When faced with these structures, the data analyst could still find it useful to follow the procedure in the three previously described analytic phases. Probably, during Phase 1, exploratory, some clusters of variables can be observed, but the formal test for multidimensionality will be carried out in Phase 2, when studying the fit of the measurement model. Empirical evidence can favor a model with multiple orthogonal factors or with multiple correlated factors, a bifactor model, or even a second order factor model (e.g., Ntoumanis, Mouratidis, Ng, & Viladrich, 2015). As in unidimensional cases, it is essential that the adopted measurement model has theoretical sense and fits the data. Rules to conduct Phase 3, the calculation of the coefficient omega applied to the particular multidimensional scale of interest, will easily be found in or derived from the current literature. To give some examples, Black, Yang, Beitra, and McCaffrey (2015) explain how to calculate reliability in second-order and bifactor factorial models applied to an intelligence test; Gignac (2014) the reliability of a general factor coming from a multidimensional scale; Green and Yang (2015) the reliability of specific factors, applicable to the study of reliability of correlated factor models; Raykov and Marcoulides (2012) reliability and criterion related validity of multidimensional scales; Cho (2016) the coefficient omega in several multidimensional models for quantitative data; or Rodríguez, Reise, and Haviland (2016) how to calculate and interpret reliability coefficients derived from bifactor models.

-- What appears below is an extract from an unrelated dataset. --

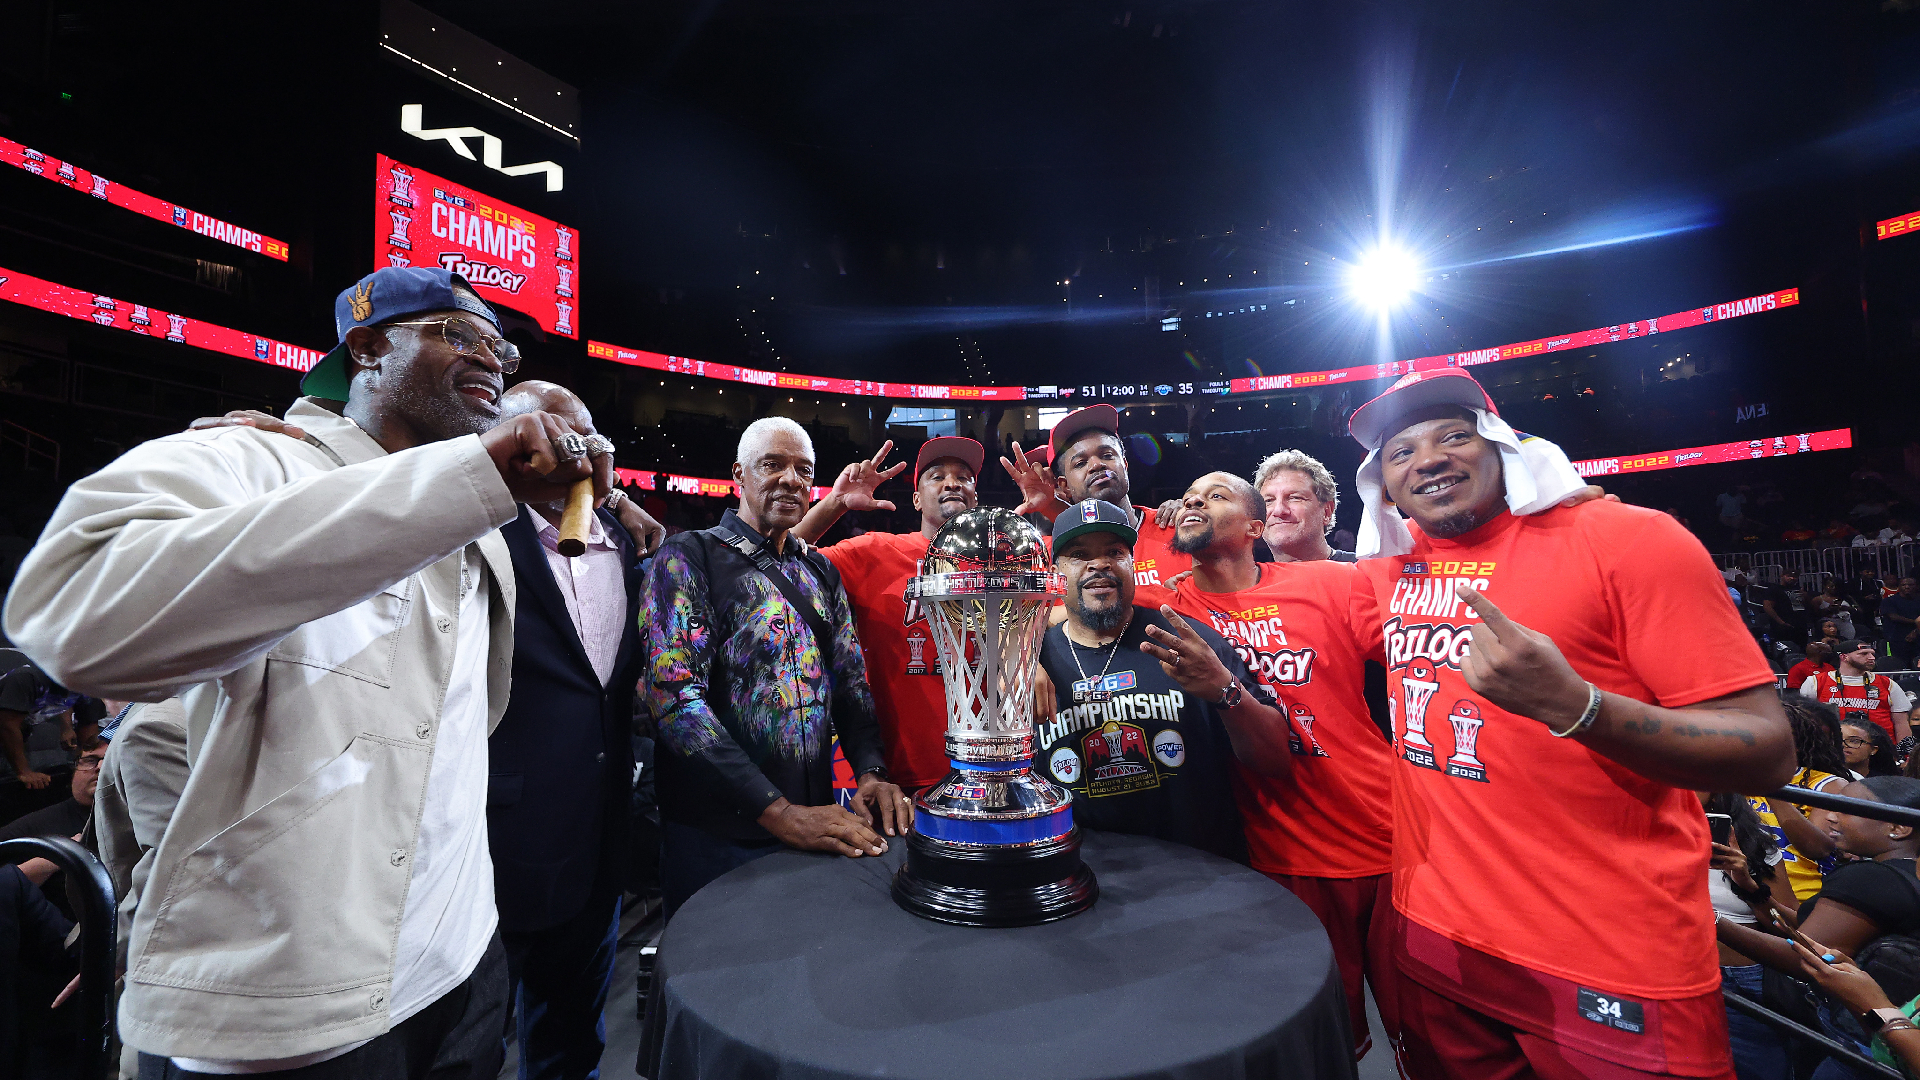 2022 BIG3 CHAMPIONSHIP GAME HIGHEST RATED EVENT SINCE 2019

**Reliability in complex designs: missing data and multilevel designs**

Another issue to be addressed is how to treat the data characteristics derived from the research design and the field study. In this regard, researchers may ask: How to calculate the internal consistency when individuals are nested in clustering structures such as classrooms, schools, teams or companies, providing multilevel data? And when the data are incomplete? Our answer would be that the analytical procedure in three phases still works under these conditions. That is, provided that the parameters of the measurement model are correctly estimated, a natural consequence will be that the reliability estimate based on these parameters would be correct.

In the case of multilevel data, in Phase 1 the intraclass correlation coefficient can be added to the analysis in order to assess the magnitude of the clustering effect. In Phase 2, the appropriate correction for clustering should be used, for example, adding the syntax line *analysis: type = complex* in Mplus. Once parameters are correctly estimated, in Phase 3, the reliability coefficient can be obtained using the equations presented in previous sections. An application to multilevel data can be found in the paper by Raykov, West, and Traynor (2015). These authors present all details to calculate alpha with MLR estimation and standard errors corrected by clustering including the syntax in Mplus. A generalization useful for the analysis of heterogeneous populations can be found in Raykov and Marcoulides (2014).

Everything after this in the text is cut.